School Notes: Students Take on the Constitution
If a potential employer or her school principal were to ask for her Facebook password, Hannah Clark of Unity would respond the way many would: “I’d freak out,” she said. According to her reading of the U.S. Constitution, she’d be well within her rights to say no.
The Unity Elementary School eighth-grader pondered whether the Constitution allows employers or school administrators to ask job applicants, employees and students for passwords to social media accounts in an essay she submitted in the 2012 New Hampshire Constitution Day Essay Contest.

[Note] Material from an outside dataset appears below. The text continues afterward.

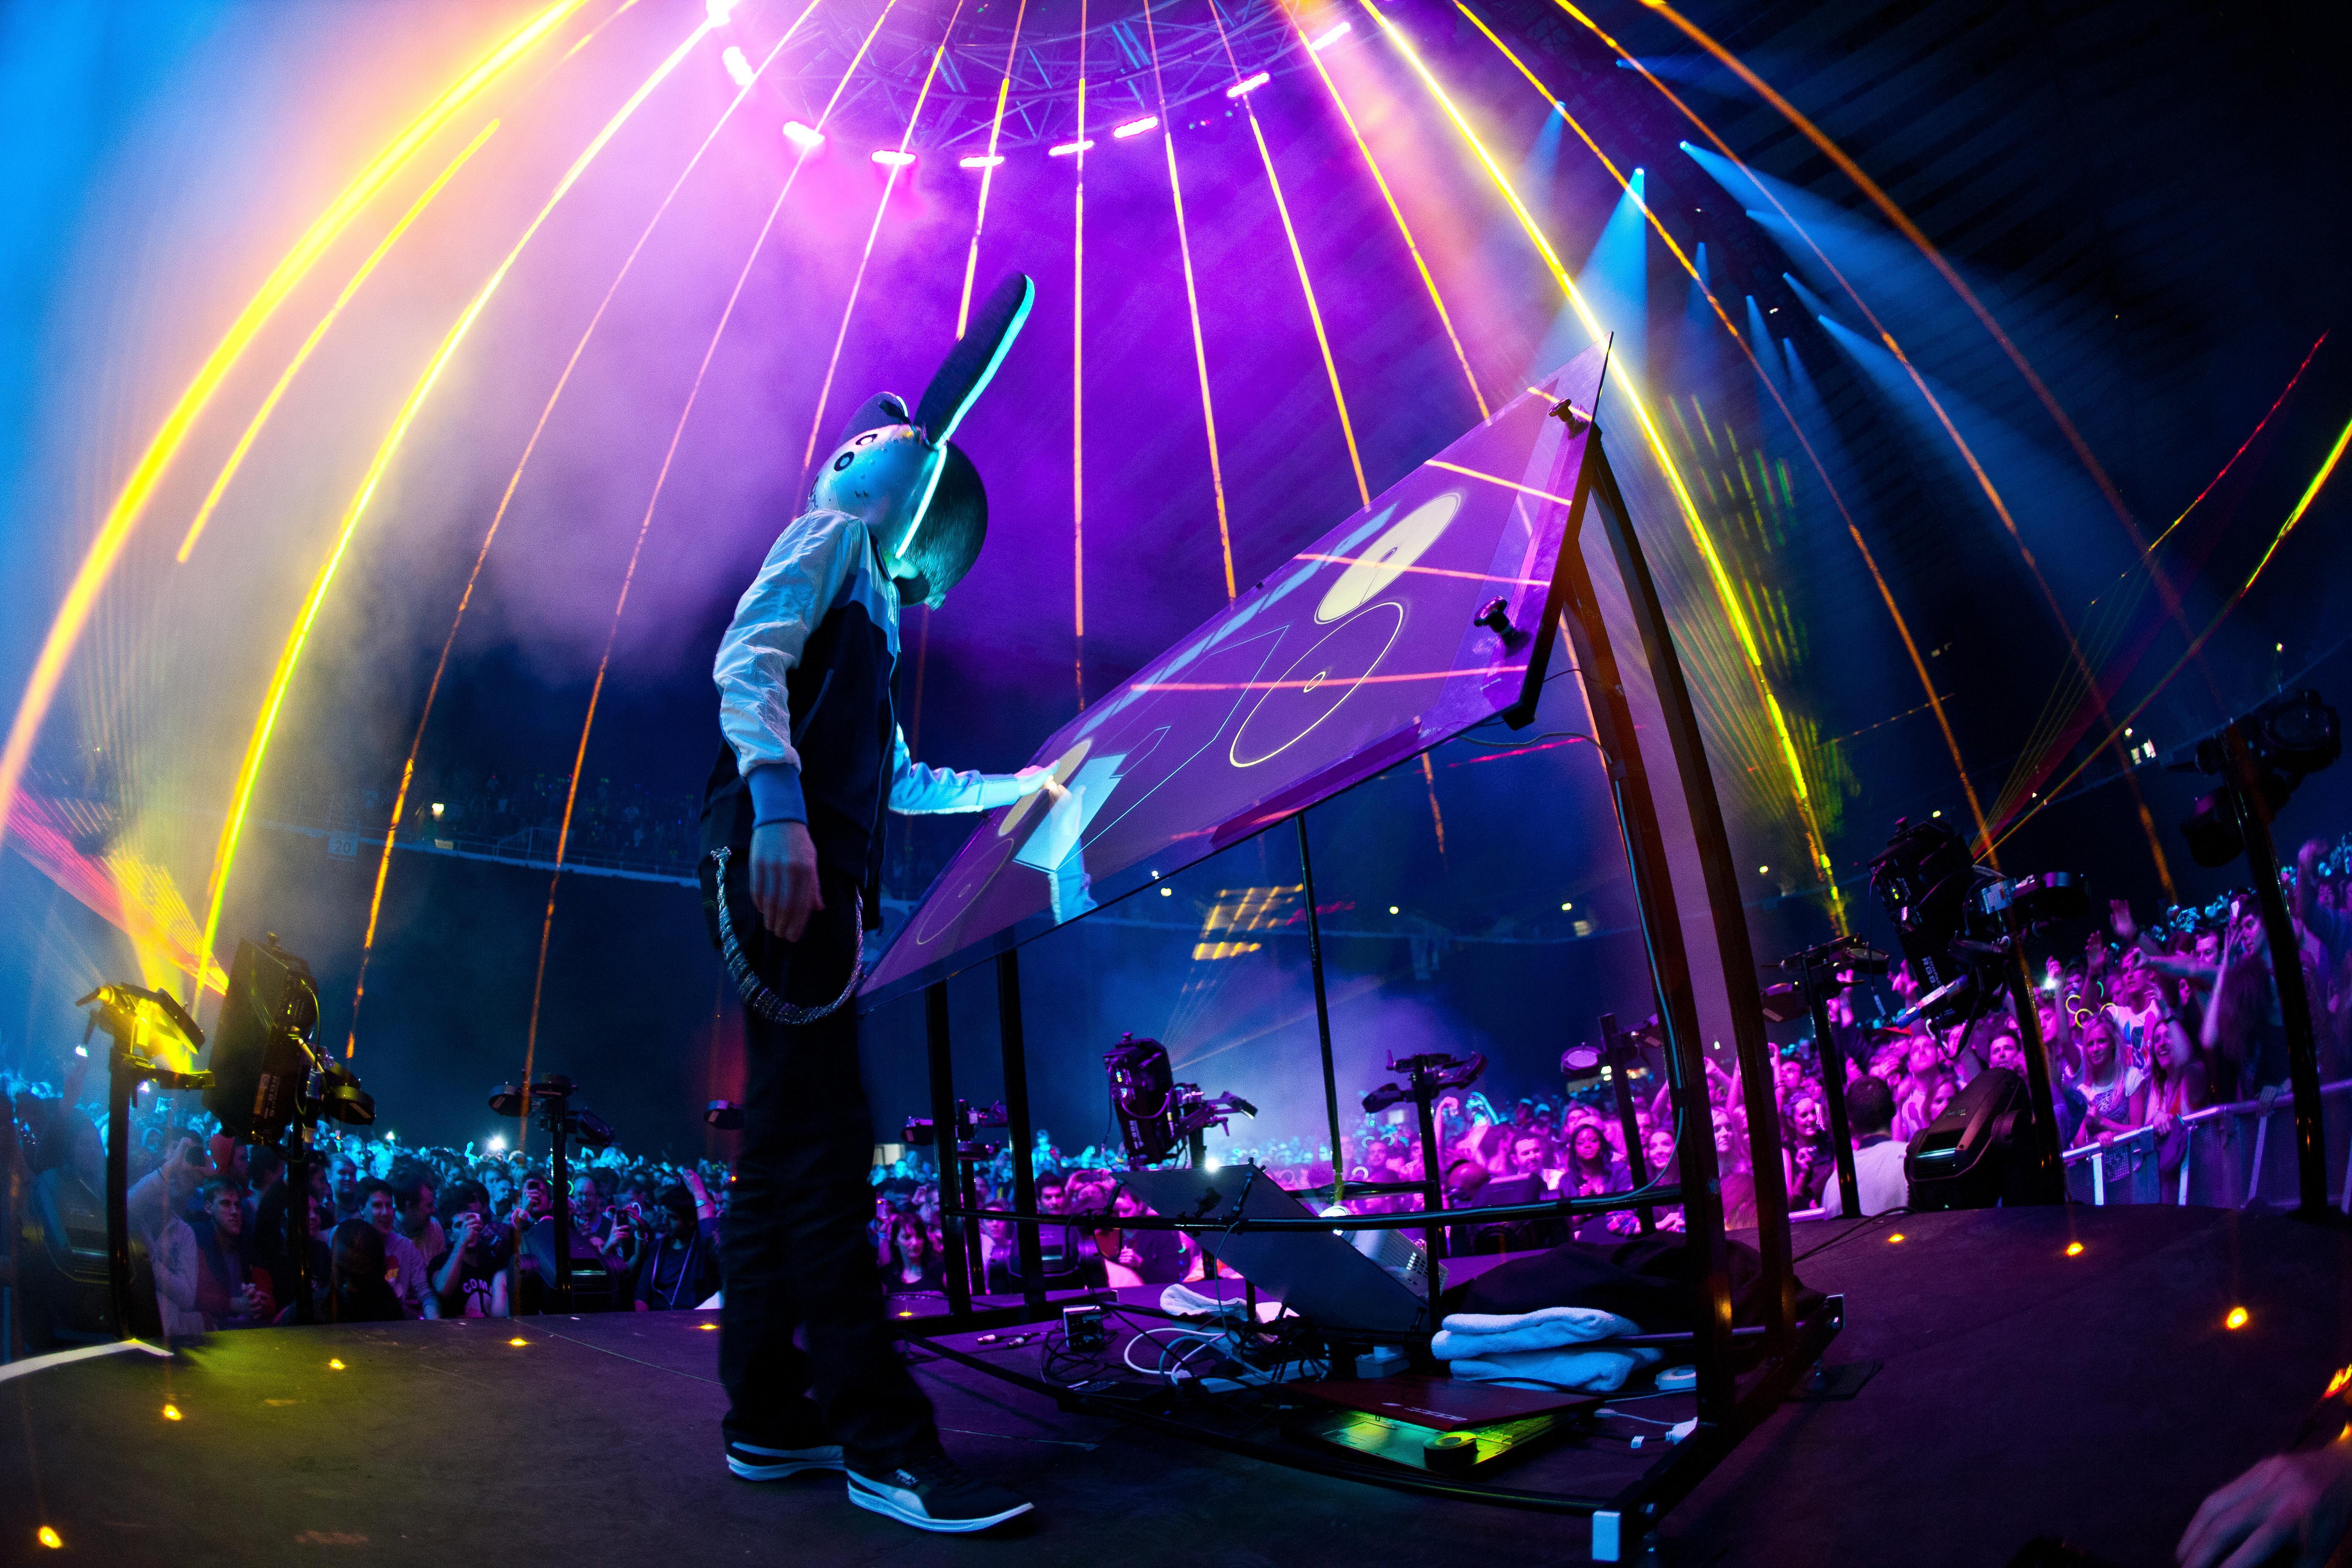 Dj Wallpapers Hd 2016: Weekend Rewind: Deadmau5's Epic 2008 Essential Mix

In her view, the first amendment, which protects freedom of speech, and the fourth, safeguarding American citizens from unnecessary searches, protect people from having to reveal their social media lives to superiors.
Clark’s essay includes some humorous possibilities — including one in which a potential employer asks a job applicant for “a list of people who have poked you on Facebook in the past week” — and logic that made hers one of nine finalists in the middle school division of the statewide contest.
The assignment “was kind of easy,” Clark said, “because I’m obsessed with Facebook.” She also had the chance to consider the implications that the U.S. Constitution, a 225-year-old document, could have in her life.
“I didn’t realize how it’s impacted teenagers as much as it has,” she said.
Sponsored by the New Hampshire Supreme Court and nine newspapers, including the Valley News, the Constitution Day Essay Contest is designed to encourage students like Clark to ask serious questions about the Constitution.
Will Weatherly, a Lebanon High School sophomore who was a finalist in the high school category, said he’s “considered following a career path that would lead to being a lawyer of some sort,” but added, “I’ve never considered the actual documents involved” in forming the nation’s laws.
In his essay, “The Constitution in a Buzzing New World,” Weatherly arrived at a similar conclusion as Clark: that the Constitution’s allowances for freedom of speech and protecting citizens against unwarranted searches should prohibit employers from asking for their Facebook, Twitter and Pinterest passwords. Allowing officials to do otherwise creates an invasion of privacy that is, in Weatherly’s words, “unreasonable and unjust.”
The framers of the Constitution, however, could not have envisioned a world with computers, Weatherly said, or one with so many forms of communication.
“This generation has seen that growth of social media,” he said. “I thought it was appropriate that I had to find my own interpretation” of the Constitution’s powers.
Each year on Sept. 17, schools around the country observe Constitution Day.
Clark and Weatherly were two of more than 500 students across New Hampshire who submitted essays to this year’s contest.
The Upper Valley Farm to School Network will host a potluck breakfast at Woodstock Elementary School on Dec. 3, starting at 8:30 a.m., to discuss the Farm to School Community Curriculum Project. The program sends trained adult volunteers to elementary school classrooms to offer lessons on local agriculture.
UVFTS will also host “Farm to School in the Middle and High School Curriculum,” at 3:30 p.m. on Dec. 5 at Woodstock Union High School, in which several teachers will share lessons about bringing food and farming topics into the secondary curriculum.